For all the talk about the future, much was expected immediately from boy wonder Lupoli. Yet on the first day of the 2007-08 Serie A season, Lupoli was not in the squad. In fact, he would not make his Fiorentina debut until December.

The embarrassment of Viola attacking riches meant Lupoli had stepped from the oven and into the furnace. His path to the first team was just as blocked in Florence as it had been in London.

On December 11, 2007, Lupoli is brought on as a half-time sub in a Coppa Italia clash with Ascoli.

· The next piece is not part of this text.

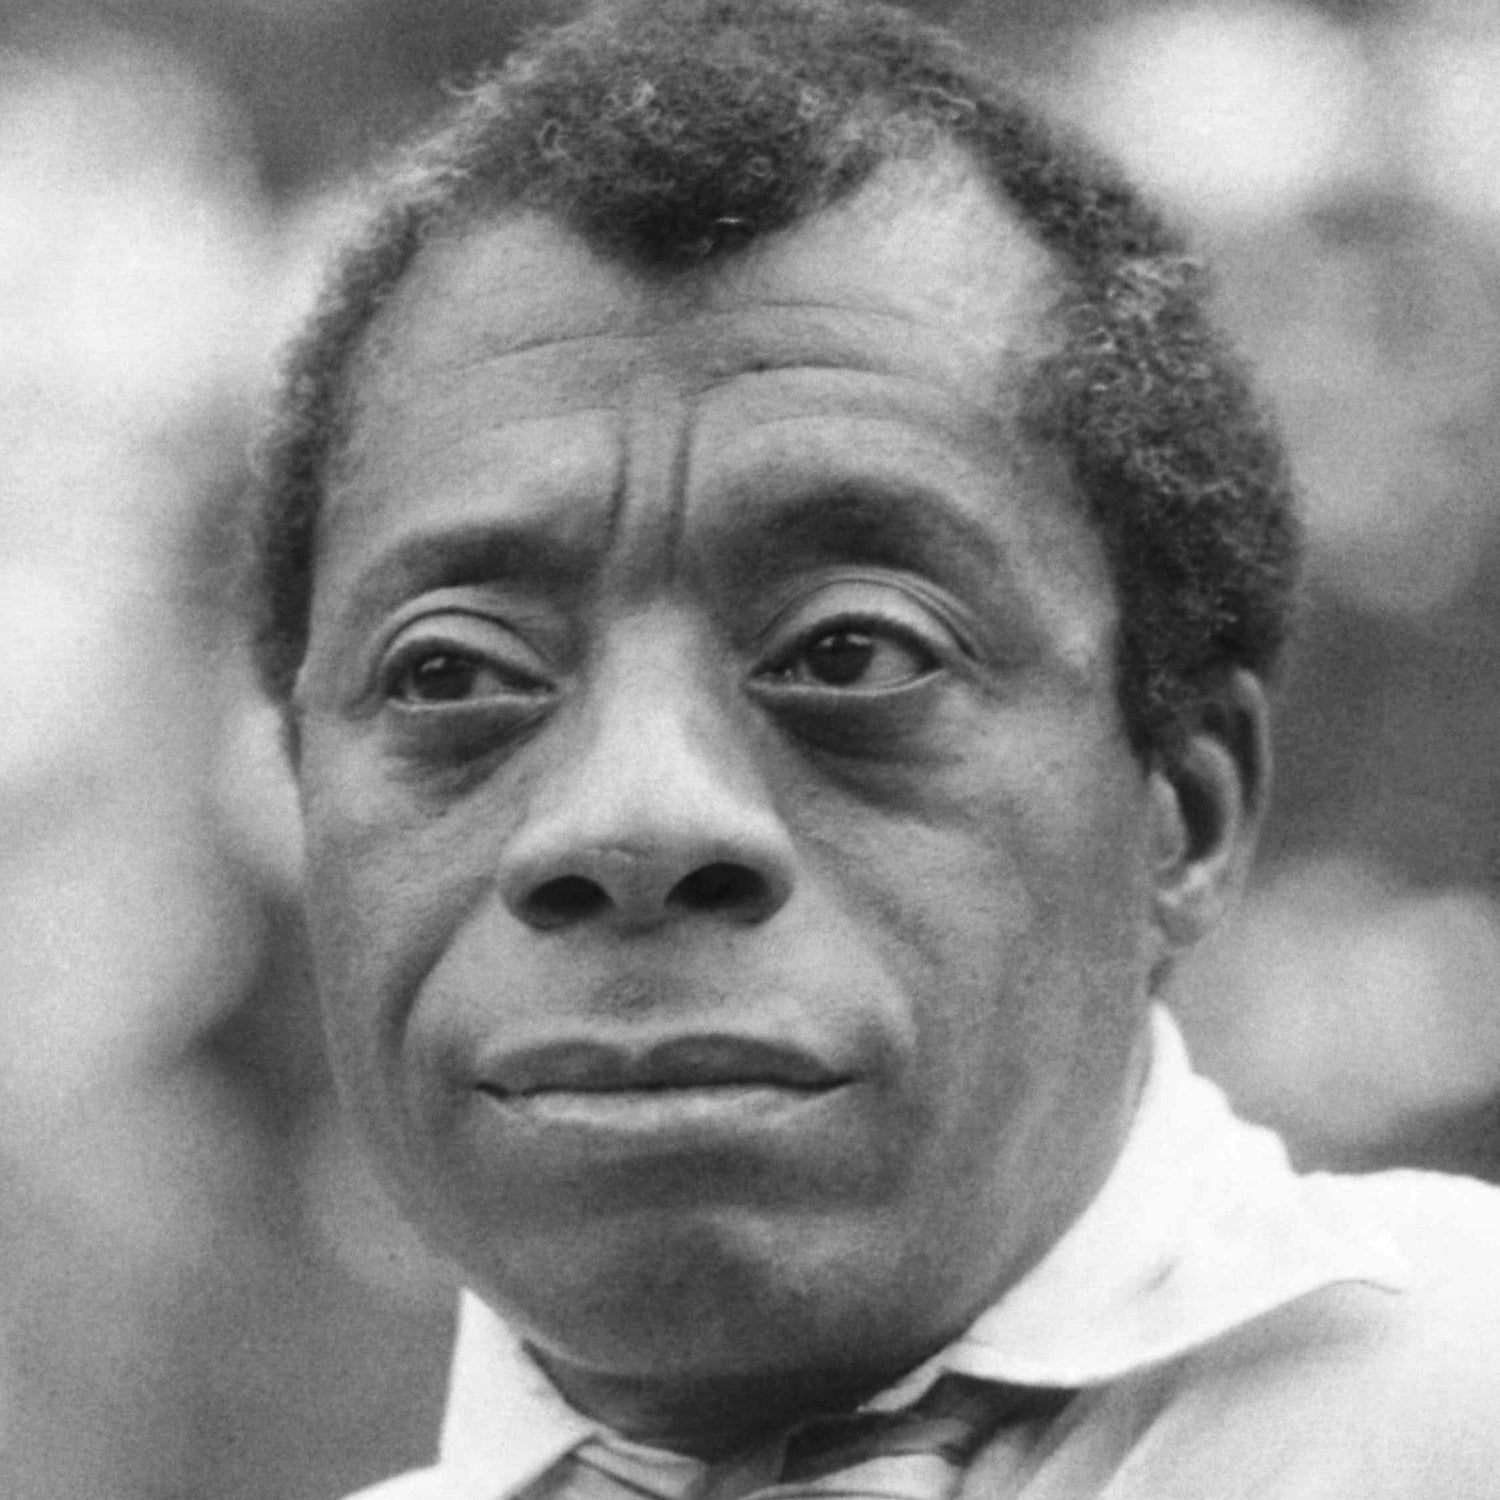 James Baldwin, in 1969

For the player signed on a five-year deal with much fanfare, these would be the only minutes he would ever play for Fiorentina.

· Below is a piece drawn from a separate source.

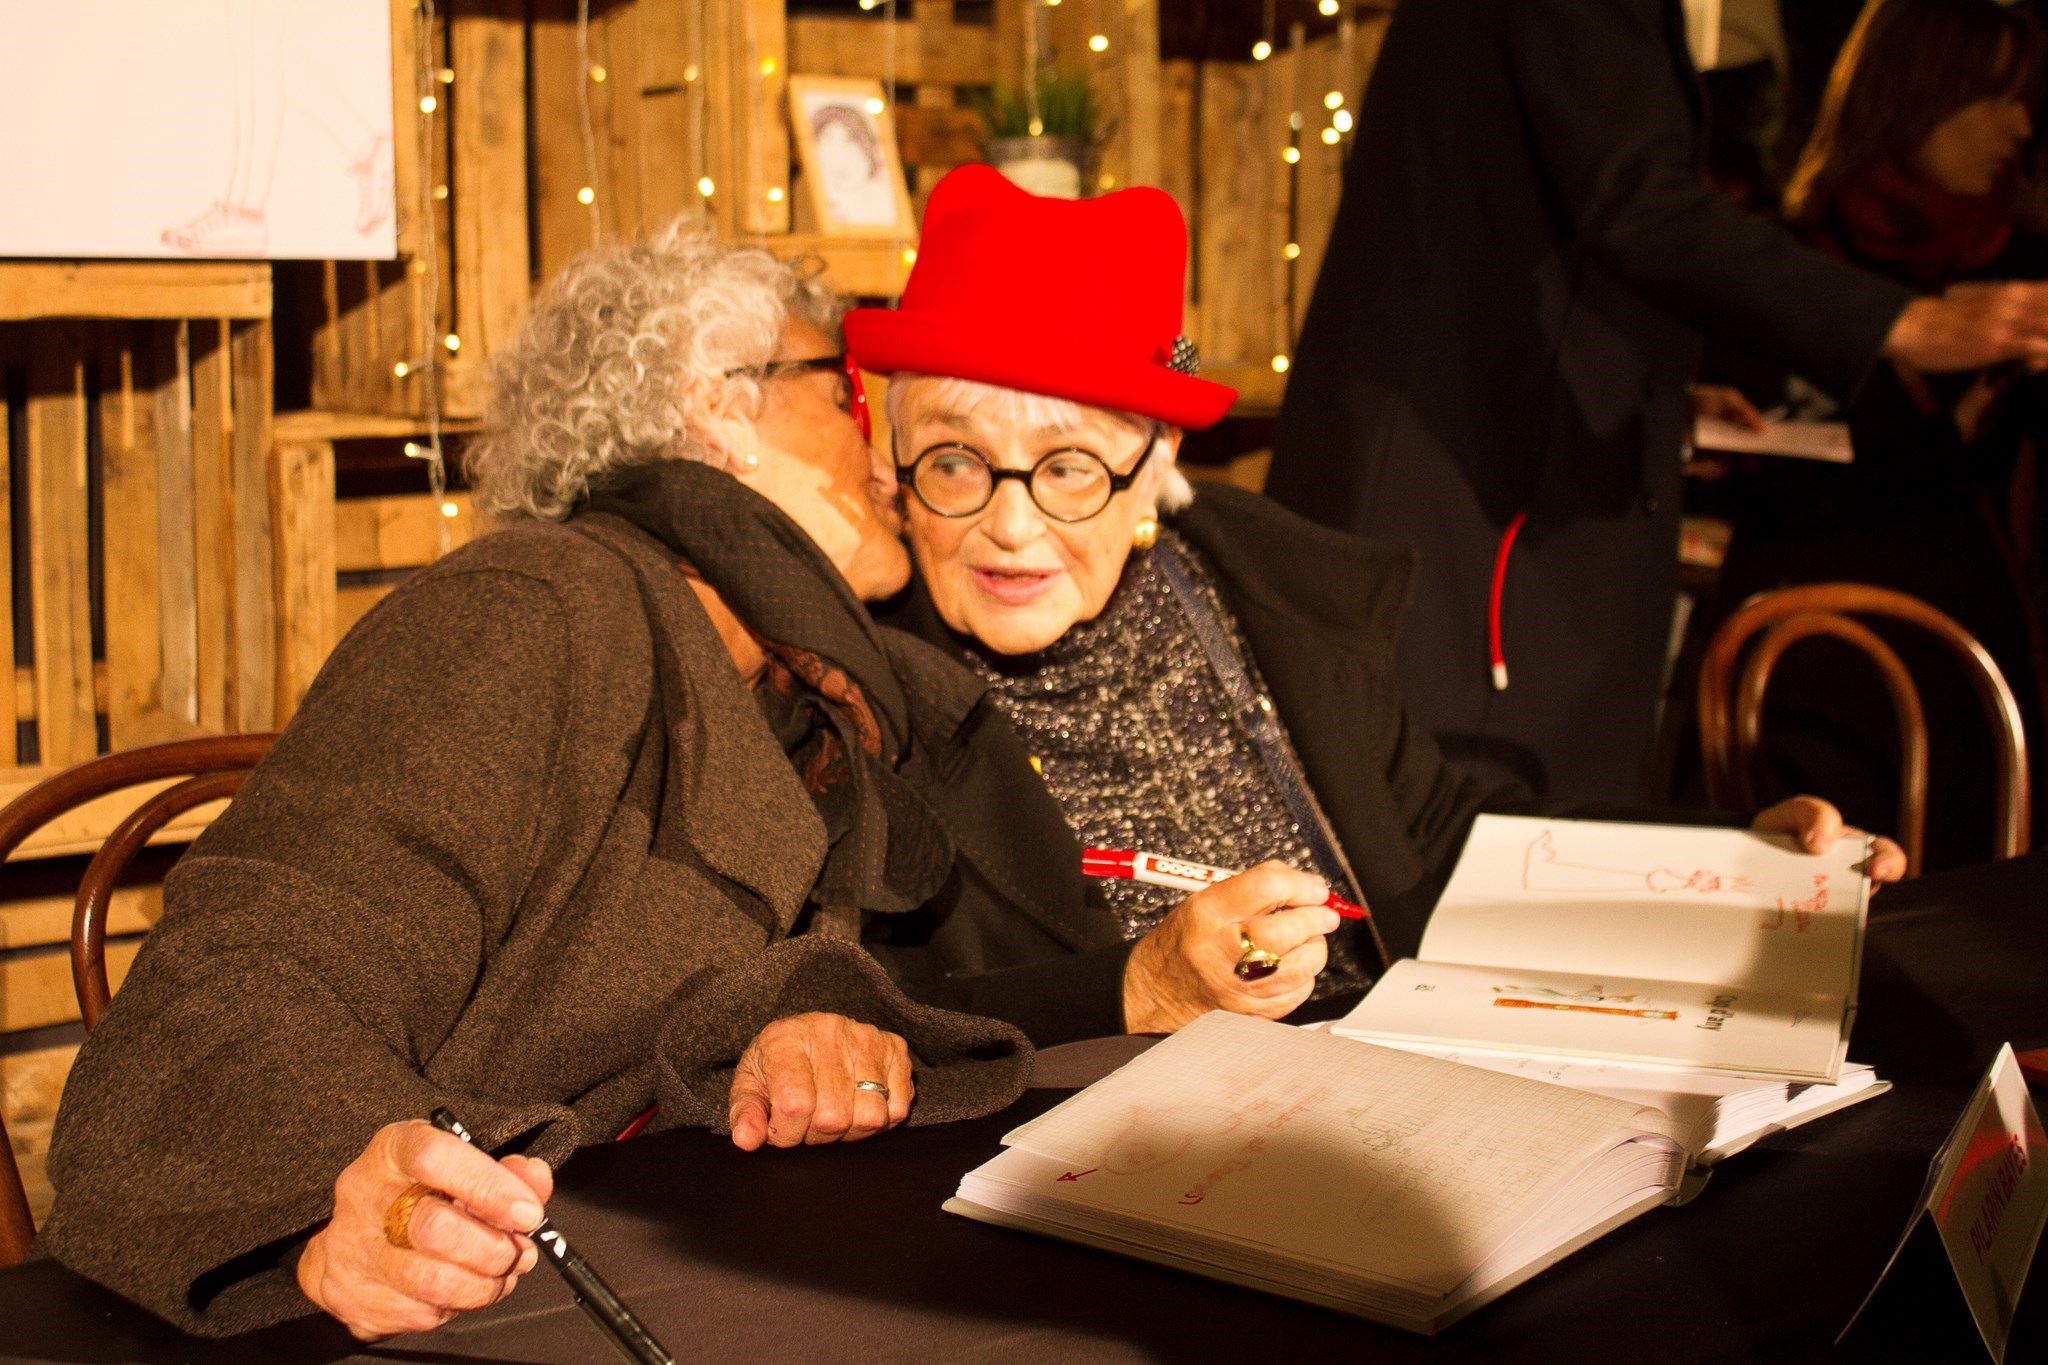  Roser Capdevila i Pilarín Bayés signant llibres

Arturo Lupoli HonvedGoal/Getty

The following month, he was sent on loan to Italian lower league side Treviso, and in 2008-09 he returned to the English second tier with spells at Norwich and Sheffield United.

In June 2009, Viola relased this statement: "Fiorentina announces that it has jointly sold the striker Arturo Lupoli to Ascoli and that it has acquired the midfielder Francesco Di Tacchio."

Short, and not sweet – not unlike Lupoli's spell at the club, with the player later admitting in a Gazzetta dello Sport interview that turning down the move to Napoli was a massive mistake.

“At Fiorentina... it was the worst year of my career," he said. "And to think that I was done with Napoli: De Laurentiis and Marino were waiting for me to sign.

"External pressures led me to choose Florence, making me look bad with Napoli to whom I had given my word. I was rewarded from an economic point of view, but sunk from the technical one. The following year nobody wanted me. I had ended up in oblivion."

A short loan spell to Hungarian historical giants Honved aside, the remainder of Lupoli's career is a road trip into obscurity that even the most ardent Football Italia fan would struggle to navigate: Grossetto, Varese, Frosinone, Pisa, Catania, Sudtirol, Fermana, Virtus Verona.

At 34, he continues to do the rounds with Virtus Verona in Serie C, but on the evidence of his strike partner in the Parma youth squad – Giuseppe Rossi – there could have been so much more.

Poor advice and a lack of first-team chances – a deadly cocktail which many promising young players have been forced to drink early in their careers. Lupoli got a mouthful, and never managed to wash away the bad taste.